While staying at the Tierra Chiloe Sally took an excursion on their boat ‘The Wiliche’, read all about what you can expect from this beautiful boat trip.
The Wiliche is a traditional wooden boat, 18 metres in length with a large, spacious, indoor lounge complete with cushions and woollen throws (all traditional Chilote of course).
From the hotel we cruised for an hour and a half passing cliffs, villages and rolling hillsides before arriving at our first destination of Chelin. On arrival we were greeted to the bay by 2 dolphins that were swimming around under the bow of the boat – this was really magical.
As we cruised along there were south american terns diving into the water, magellanic penguins popping up mid catch and many imperial cormorants. I was very lucky to have a day of still tranquil waters, clear blue sky with not a breath of wind or drop of rain in sight – a real treat for this part of the world.

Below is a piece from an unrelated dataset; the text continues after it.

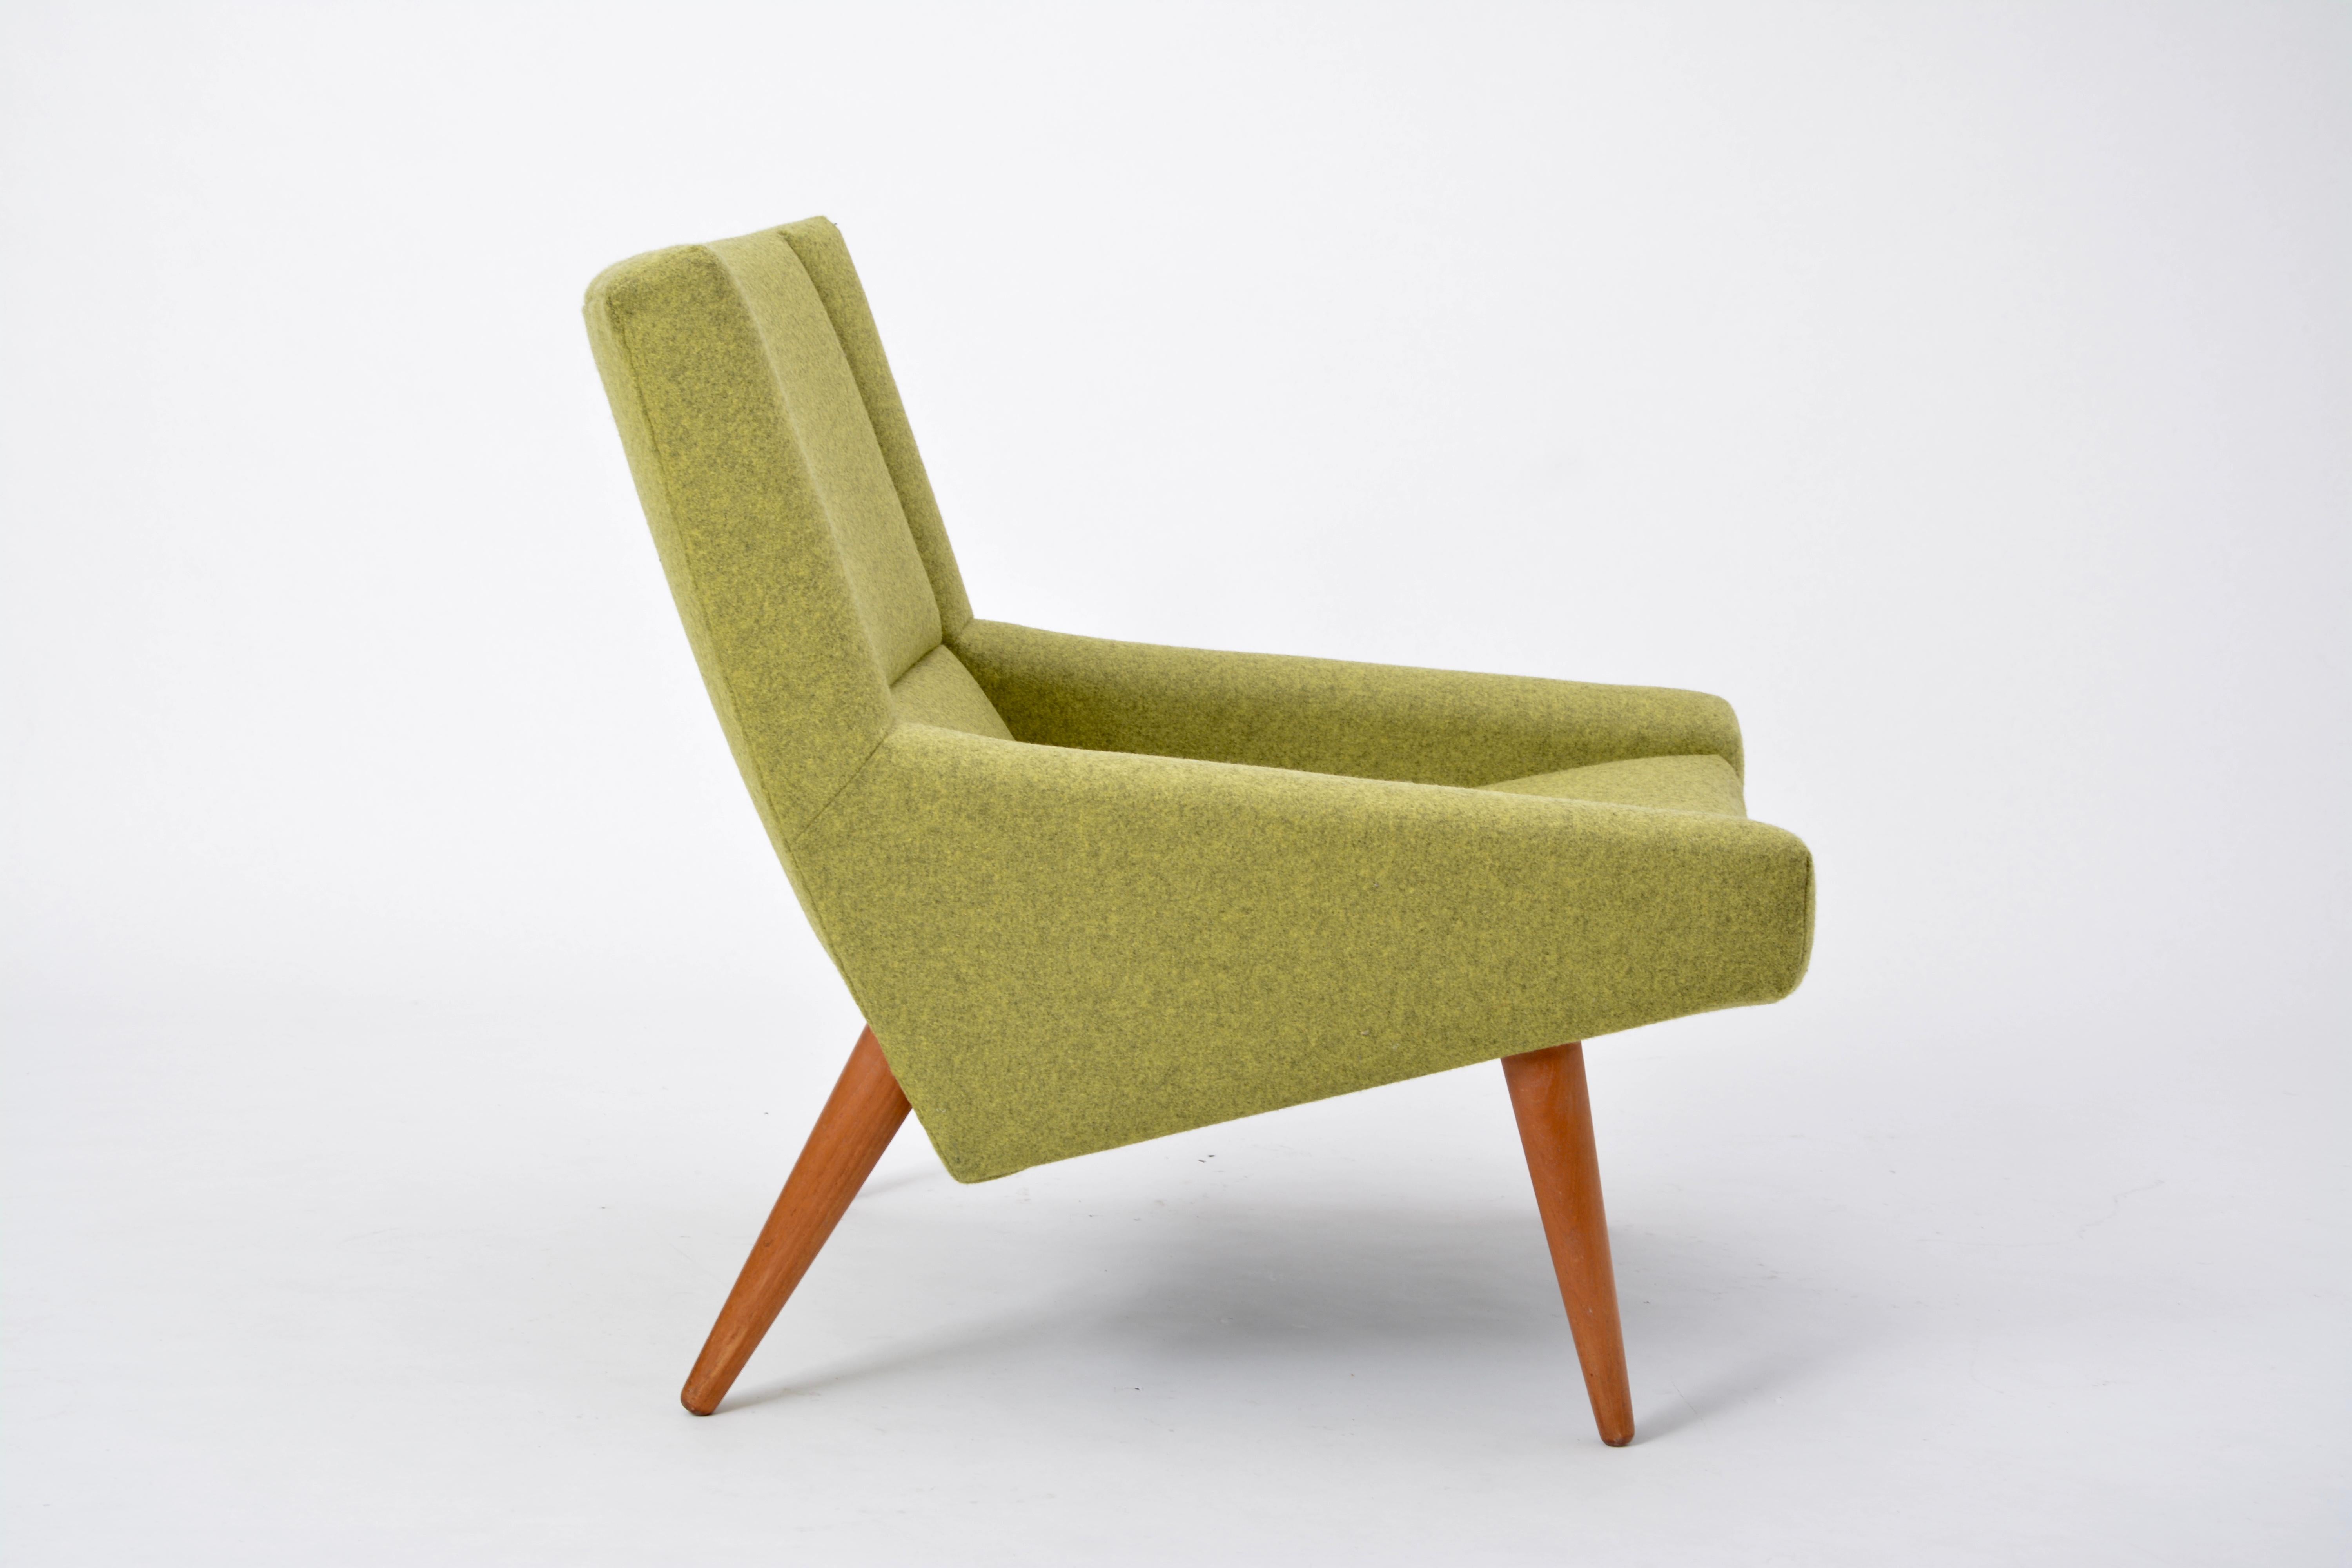 20th Century Danish Mid-Century Modern Model 50 chair by Illum Wikkelsø for Søren Willadsen

The first village we visited of just a few houses had a wooden church that was under going restoration work. It was fascinating to see how the original church must have been built and see the techniques that were being implemented today to keep this 200 year old building alive.
Behind the church was the traditional Chilote graveyard, almost a replica of the village but in miniature. The Chilotes are strong believers that after death people still need a roof over their head so the tombstones are actually little wooden, shingle clad houses. This was fascinating and really quite different to anything I’d seen before.
After a wander up to a view point, the captain, Jose, then came to collect us in the zodiac boat and we motored across to the opposite island of Quehui.
On-route, we pulled up alongside a small, local fishing boat to see what they were catching. On board were two men in thick wetsuits, two helpers and reels of yellow hosepipe; these men were divers and the hosepipe was part of the rudimentary equipment that they use. They were delighted to offer us some of their catch – muscles bigger than my hand, aptly names ‘ Shoe sole muscles’ and enormous clams. Later in the afternoon the captain cooked these up with white wine, garlic and onions – delicious and so fresh.
There had been many forest fires due to the dry summer and so the horizon was really hazy. However, on a clear day looking east you have a spectacular view of the snow peaked Andes including one or two volcanoes.
The return journey took us on a slightly different route passing the north western side of the Chelin island. For the return journey I climbed up onto the roof and laid down for a well earned siesta – totally priceless.
Highlights of the day….
The fascinating graveyard
The divers – interaction with the local divers
The stunning calm waters, emerald in colour with the hillsides reflecting perfectly – days like today are very rare I’m told.